Recently, several immune checkpoint inhibitor (ICI) therapies have been developed for treating advanced-stage cancers, although they currently benefit only a minority of patients. TMB, a novel predictive biomarker, can predict the clinical response to ICI and identify patients who may benefit from this therapy [49]. An increased TMB indicates increased levels of tumor antigen, which is beneficial for activating the body’s immune response. Previous studies of TMB have found a strong link between increased TMB and improved response to ICI therapy. However, patients with CCA showed a relatively low TMB value; there were only two patients whose TMB was higher than 10. In addition, there was no significant difference between the TMB in the iCCA, pCCA, and dCCA groups.
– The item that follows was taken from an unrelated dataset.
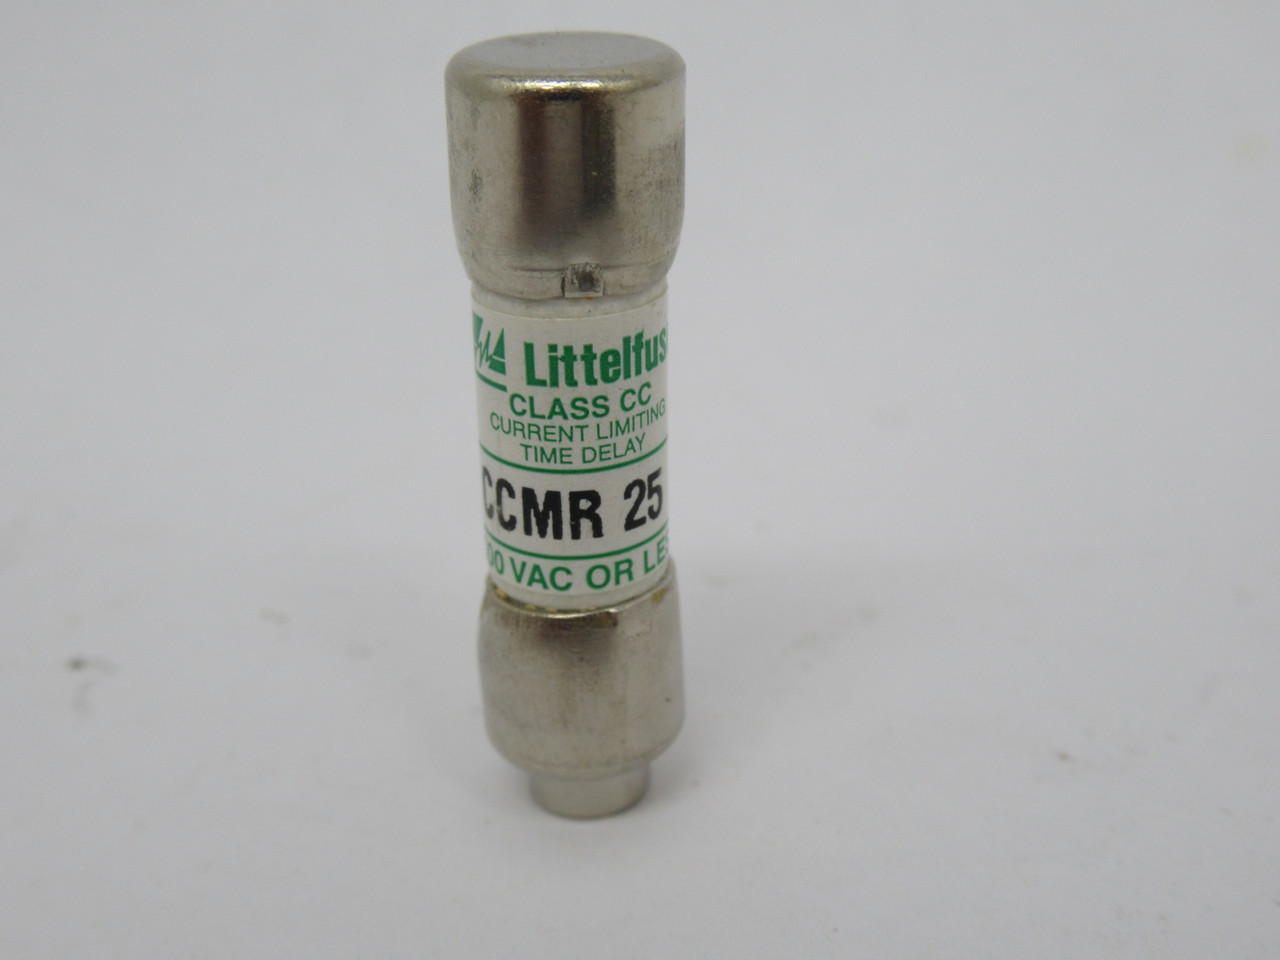 Littelfuse CCMR-25 Time Delay Fuse 25A 600V USED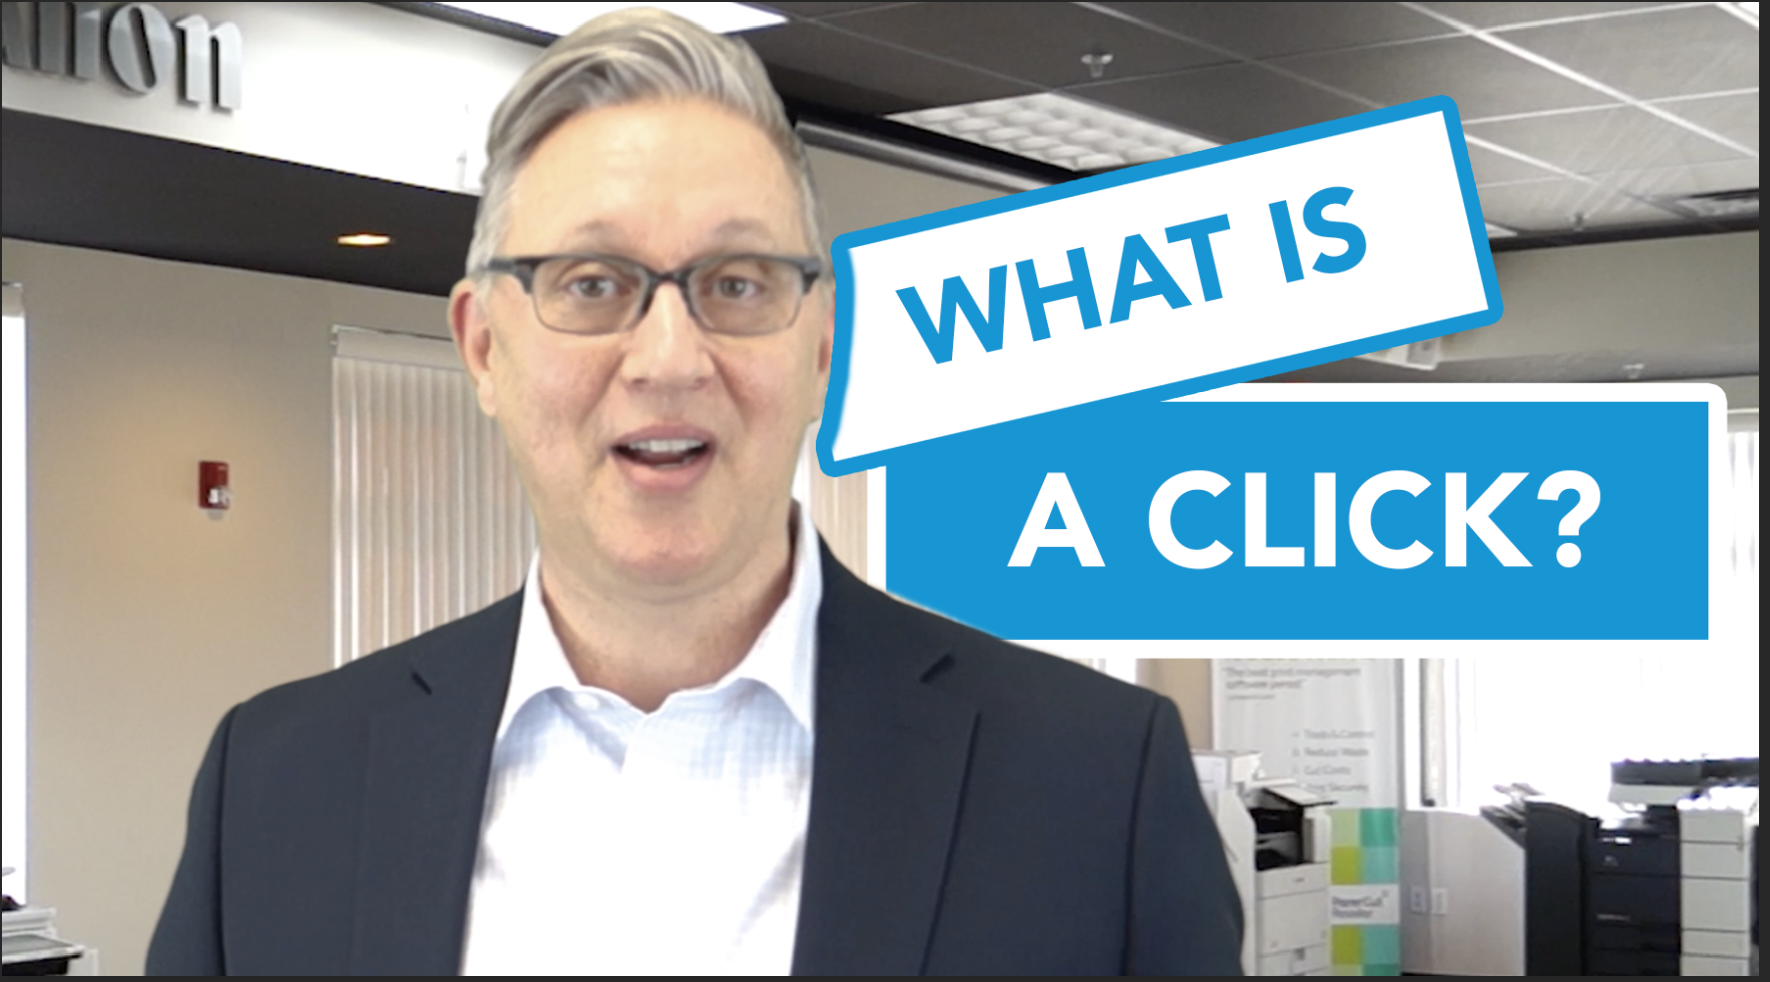 What is a click?

The importance of hyperprogressive disease (HPD) in ICI therapy cannot be overstated. However, few studies have explored HPD in CCA. In our study, we analyzed HPD-associated genetic mutations in Chinese CCA patients. Our results showed that there were 11 (27%) patients who harbored HPD-associated genetic mutations, and many patients had more than one. The pCCA group showed the highest ratio in HPD-associated genetic mutations. Therefore, immunotherapy in patients with CCA should be seriously considered.

Conclusion

In conclusion, we had investigated the comprehensive genomic features of 41 Chinese patients with CCA. TP53 mutations were significantly higher in Chinese patients than in Western patients with CCA. This suggests that TP53 may be more suitable as a predictive and diagnostic biomarker in Chinese patients with CCA. Furthermore, gene mutations that were associated with clinical characteristics, such as lymph node metastasis and lymphovascular invasion, were detected. Overall, these data provide an insight into the diagnosis and prognosis of Chinese patients with CCA. The results may guide future therapeutic strategies, including targeted and immune therapies.